Churches, after all, are about relationship: with God, with our community, & with our landscape. There is (hopefully…ideally…!) a balanced give-and-take between the formal Church and her members - and rushbearing serves as a ritual opportunity for parishioners to tend their place of worship, working with their spiritual shepherds to revive and invigorate this community gathering space.
So, here I am in the 21st century in the US, having never attended a rushbearing service - and yet I find myself transported to this charming tradition each summer. Because, like these generations before, I’m drawn to tend to common spaces using the gifts offered up in the harvest - tall grass, blowing hay, flowers & herbs. To gather in community & care for our places.
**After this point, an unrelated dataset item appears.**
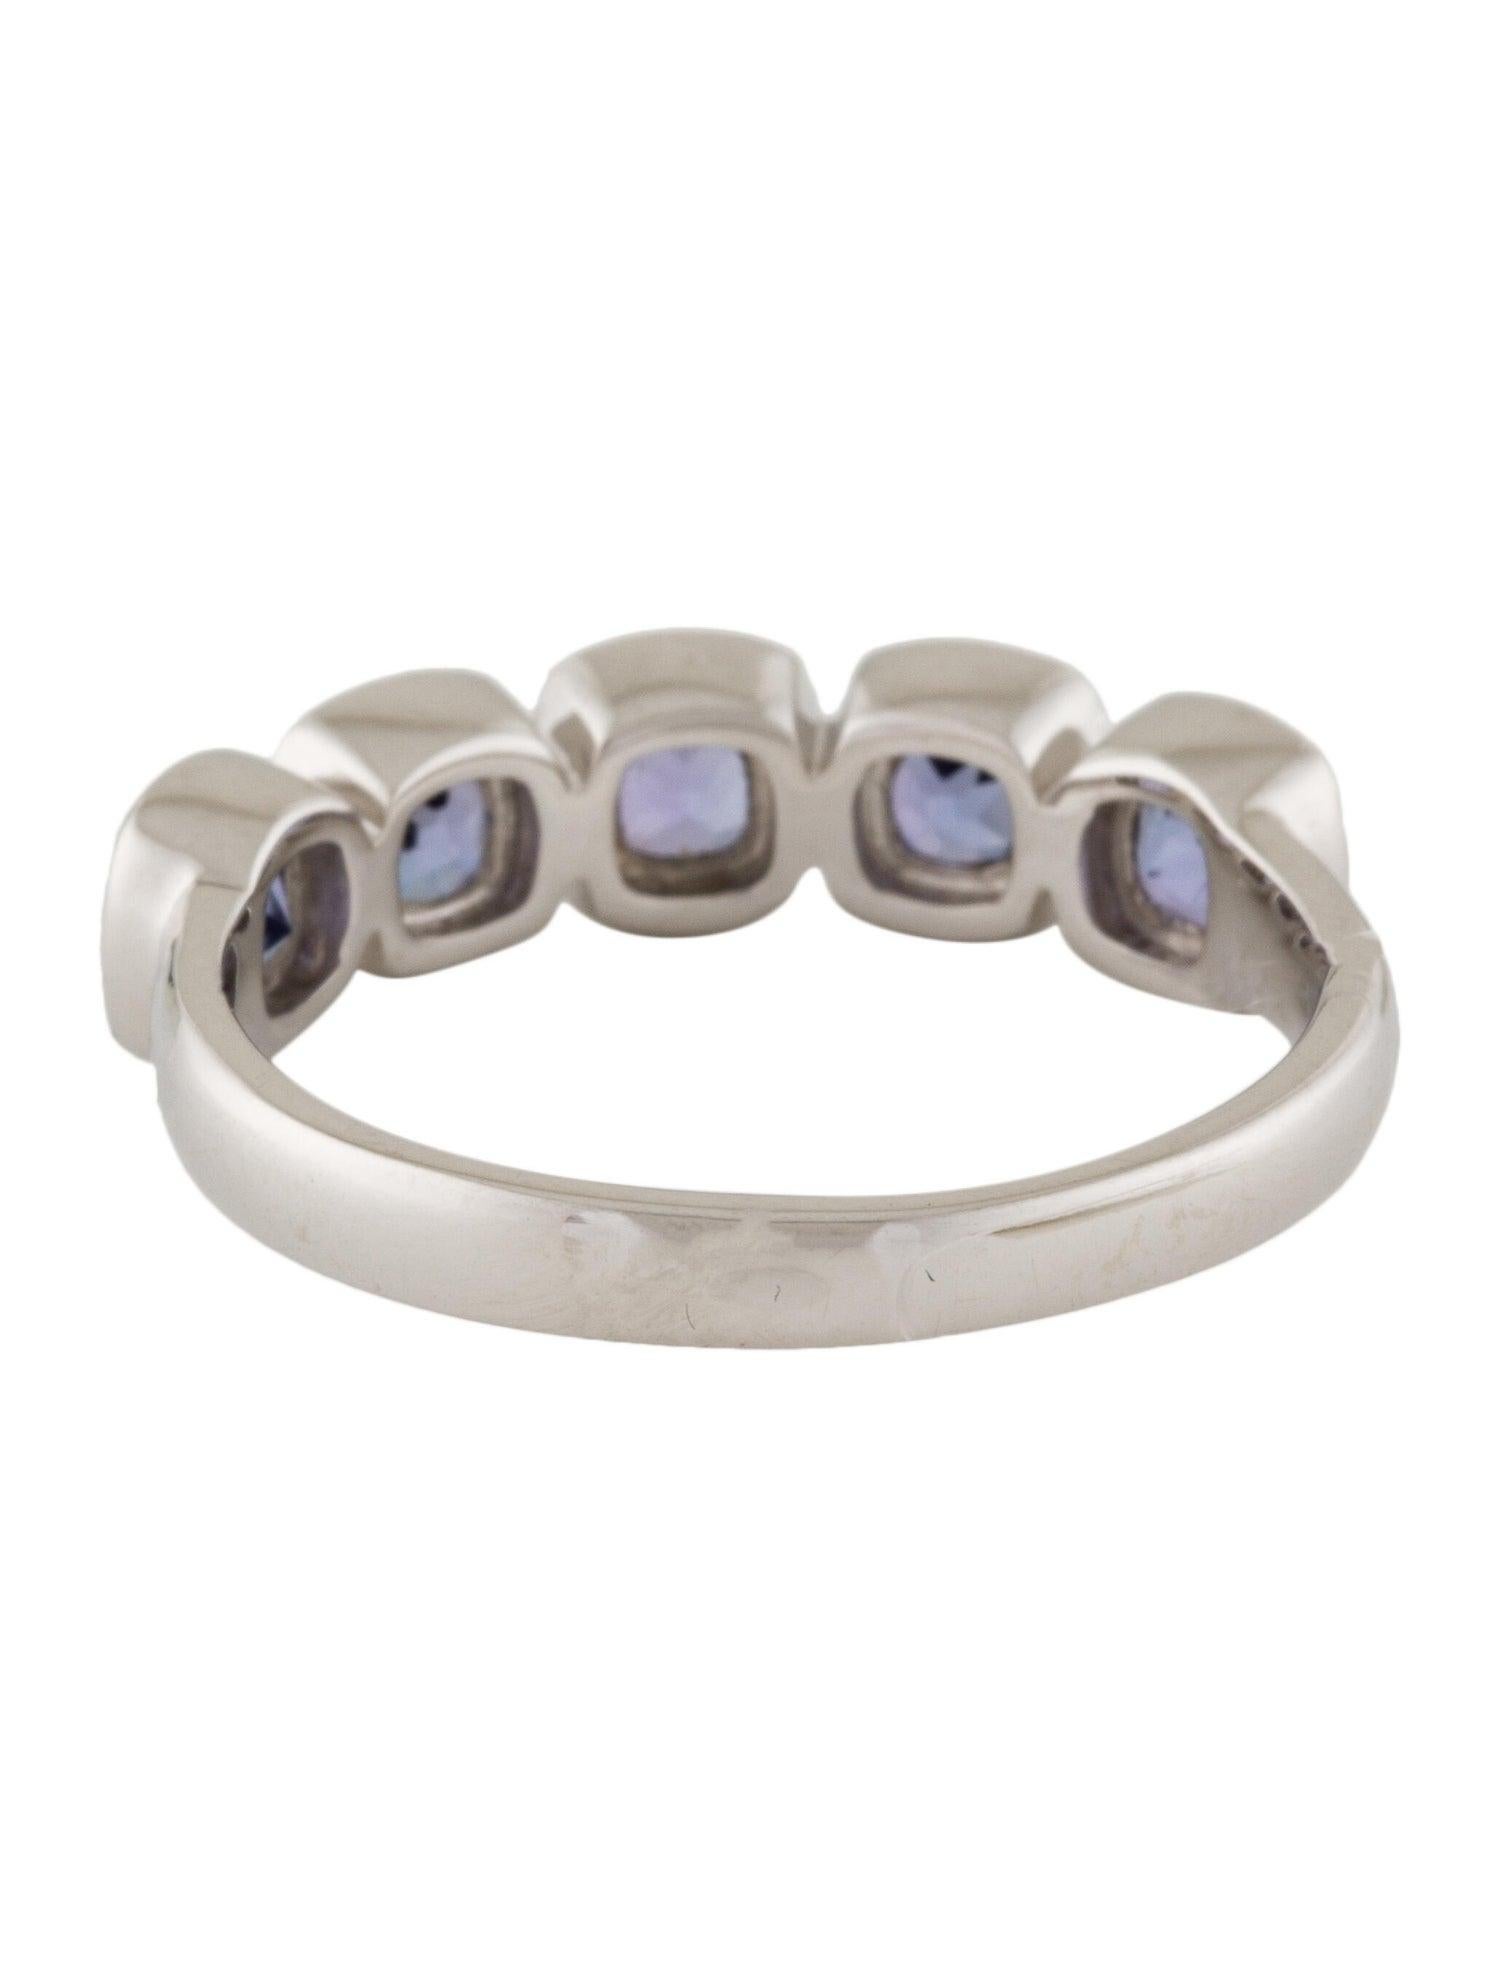 Cushion Cut Tanzanite Band Ring, 14K Gold, 1.50ctw, Size 7.75 - Elegant Gemstone Jewelry
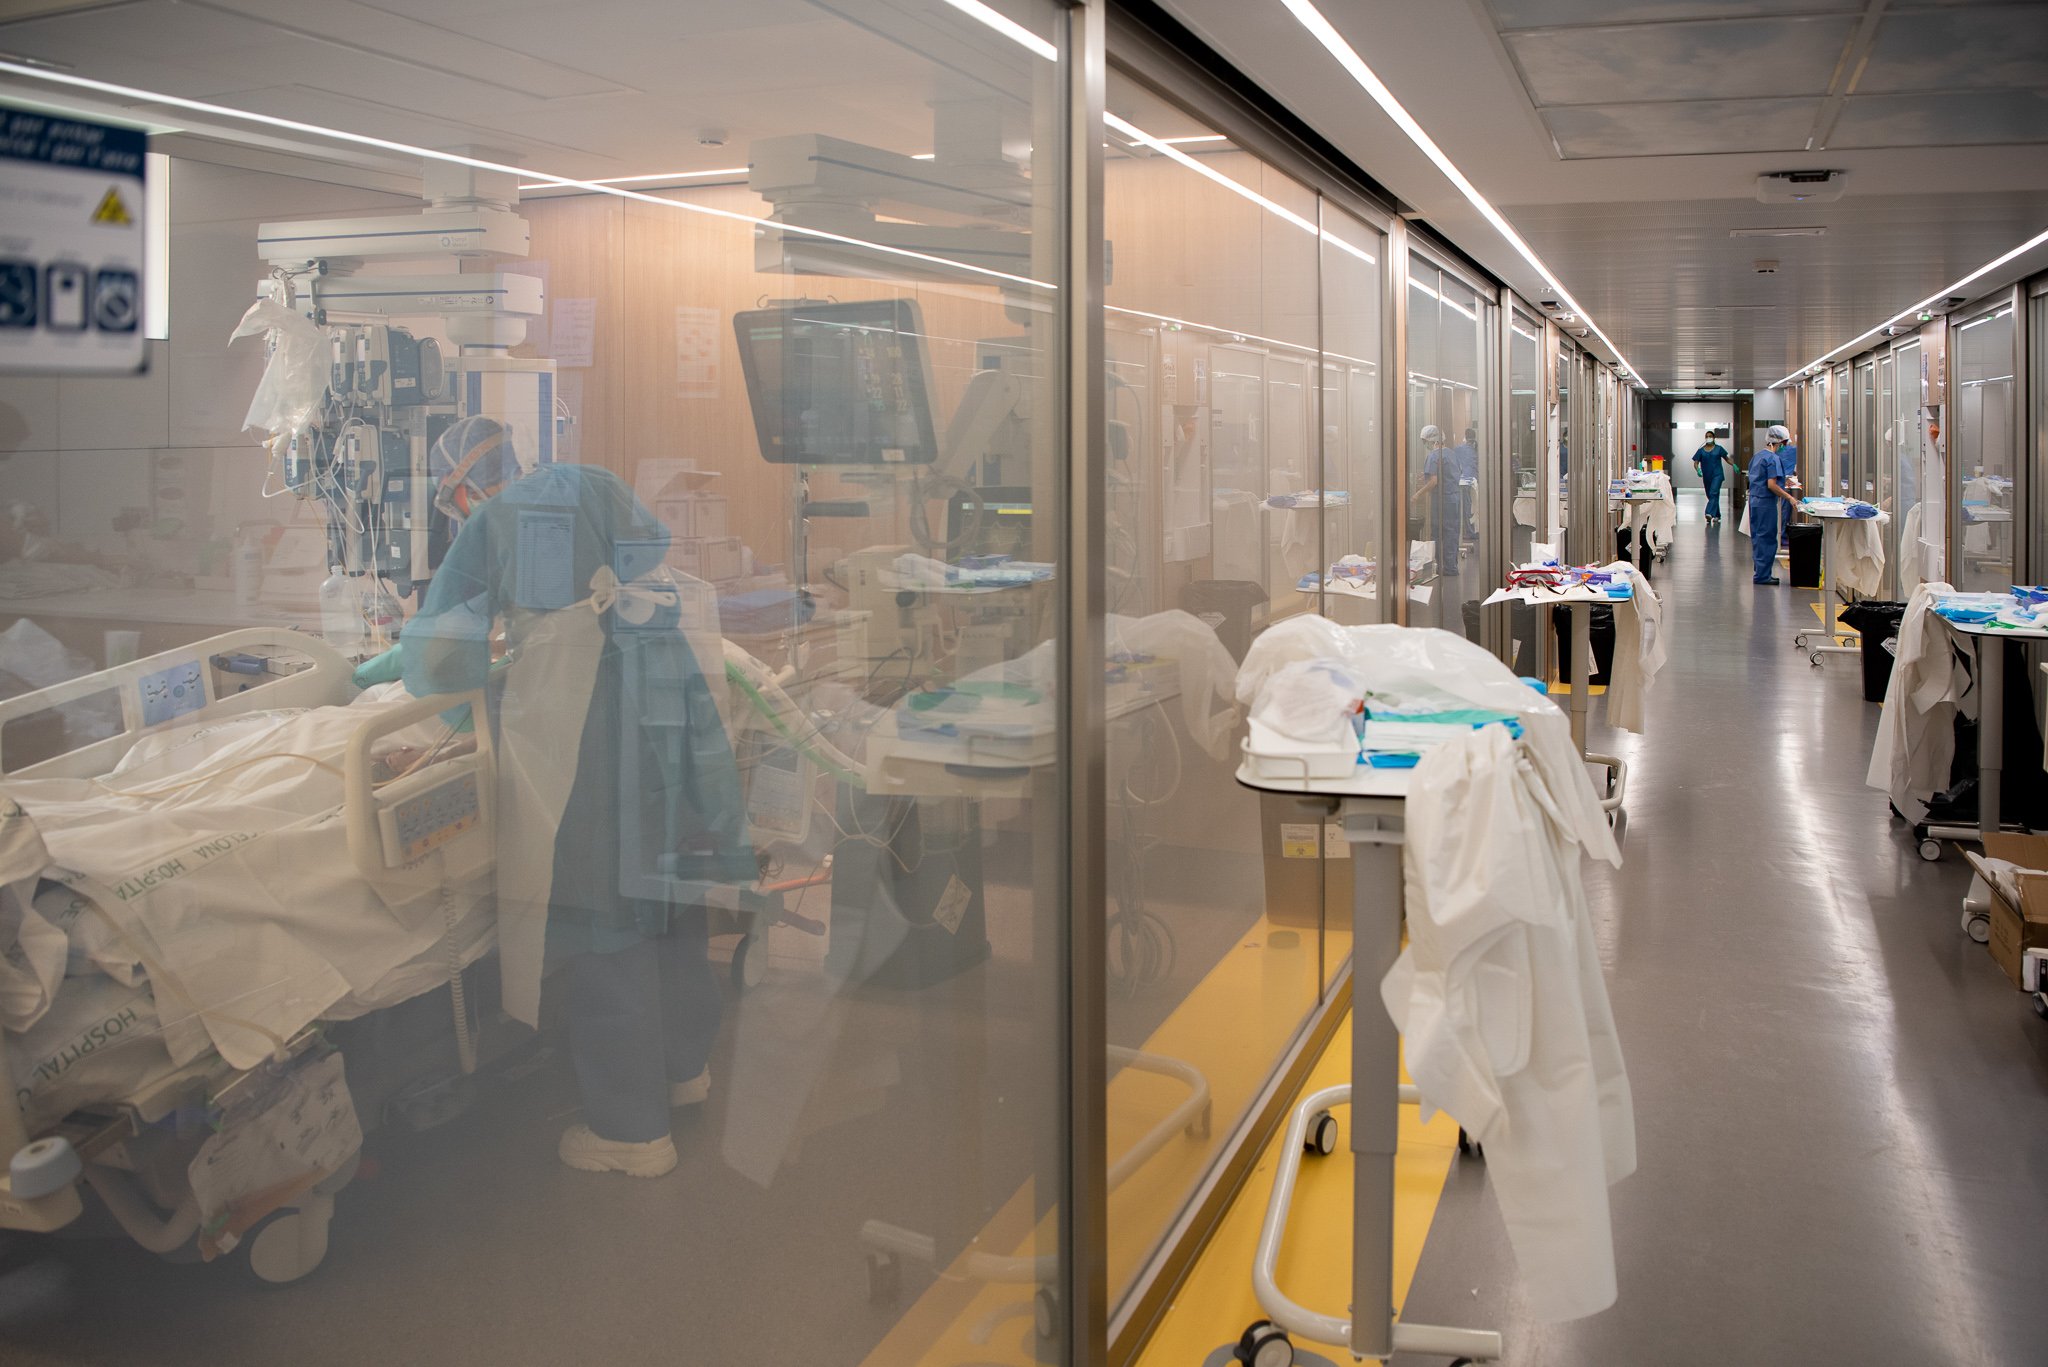 Catalonia's intensive care units, running at 200% of capacity due to coronavirus

Every summer, we harvest our local version of rushes (broadfruit bur-reed, Sparganium eurycarpum, I think?) to gather a basket-full for plaiting. This is also the pinnacle of haying season, when we’re cutting and baling hay that will tide the herd over during the cold winter months - so we look for projects to do with hay. So far, we’ve used these plaited mats of rushes & hay to bless our little domestic monastery of our home (though the dog sure loves rolling on them & they’re gone in an instant, haha!) - but it makes me wonder how the heart of this can be translated to our local church community, too.
The liturgical calendar can be overwhelming - strewn with so many festivals & feasts, traditions hailing from all over the world & all different times. That’s why I like to familiarize myself with one holy day each month, allowing myself to steep in this single holiday throughout the month & really get to know it beyond the frenetic “check all the boxes” mentality. As the years pass, all these monthly focuses gather up & accumulate into holidays that are now like old friends - I’m able to fold in more holidays each month, but with the old familiarity of having really spent meaningful time with each one in years past. And my goal for this little Substack is to bring you along for my monthly focus journey!
For July this year, I’m not focusing so much on a specific feast day as this delightful tradition that historically spoke to multiple feast days, depending on the parish - so, throughout the month, I’ll be sharing some rushbearing adventures, thoughts, artwork both old and new. I’ll aim to share some of my previous resources for other July holidays, too, but rushbearing will be in the limelight.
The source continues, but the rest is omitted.